Once-Daily Antihypertensive Dosing Associated with Better Blood Pressure Control Than Multi-Dose Regimens for Most Medication Classes

April 14, 2026
Dual-Team Study
Team A:Kersten Bartelt, RNEric Barkley
Team B:Jeff Trinkl, MDNicholas Volker

Key Findings

  • Patients prescribed multiple doses per day of ACE inhibitors, ARBs, or calcium channel blockers were less likely to achieve blood pressure control compared to those prescribed once-daily regimens of the same medication classes.
  • Differences in blood pressure control between dosing frequencies emerged as early as 30 days after the prescription started and persisted through 180 days.
  • Beta blockers, which were the only class commonly prescribed with multiple doses per day, showed slight improvement in early blood pressure control, though no significant difference was seen at 90 to 180 days.
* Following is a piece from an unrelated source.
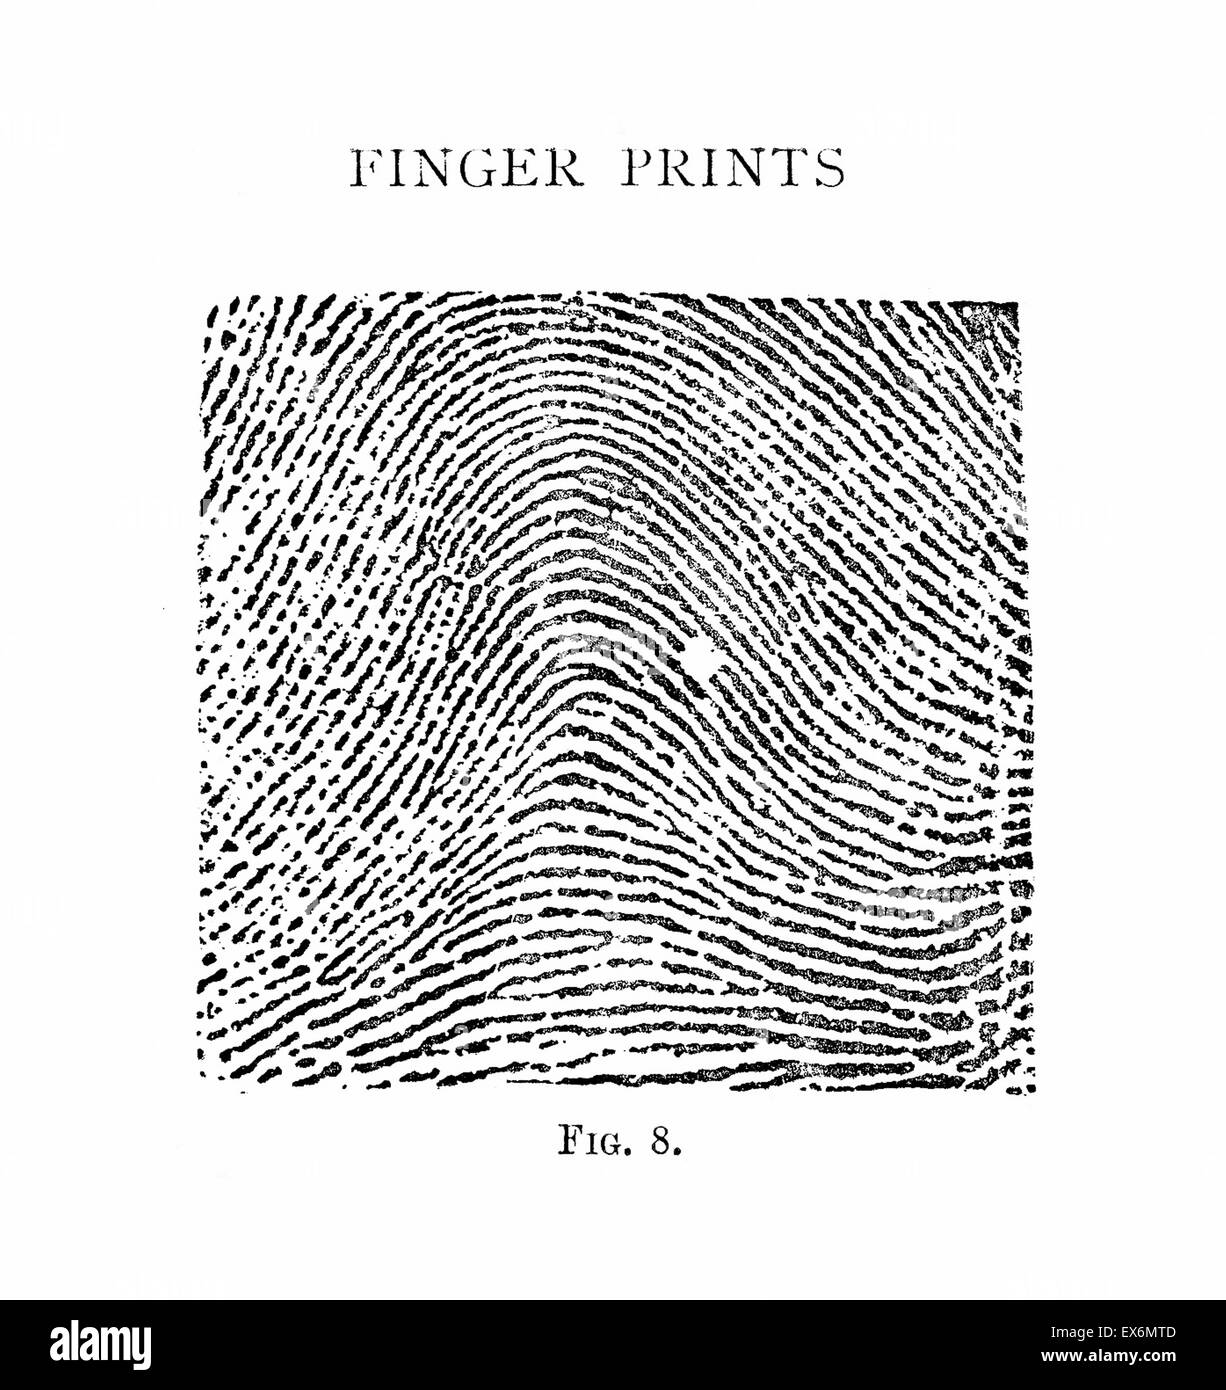 Typischen Bogen Muster teilt 1900 die Henry-Klassifizierungssystem Fingerabdruck Datensätze in Gruppen basierend auf Mustertypen. Das System macht es möglich, große Anzahl von Fingerabdruck-Datensätzen zu suchen, indem Sie klassifizieren die Drucke je nachdem, ob sie h Stockfoto

Hypertension affects nearly half of U.S. adults and remains poorly controlled in many cases, which increases cardiovascular risk and healthcare costs.1 Medication adherence is a critical factor in achieving blood pressure control, and dosing frequency is a known driver of adherence. Studies have demonstrated that patients are significantly more adherent to once-daily cardiovascular medications compared to twice-daily dosing.2,3 However, the relationship between dosing frequency and blood pressure outcomes by antihypertensive medication class is less understood. We aimed to understand whether the association between dosing frequency and blood pressure control varied across the four major first-line antihypertensive classes: ACE inhibitors, ARBs, calcium channel blockers, and beta blockers.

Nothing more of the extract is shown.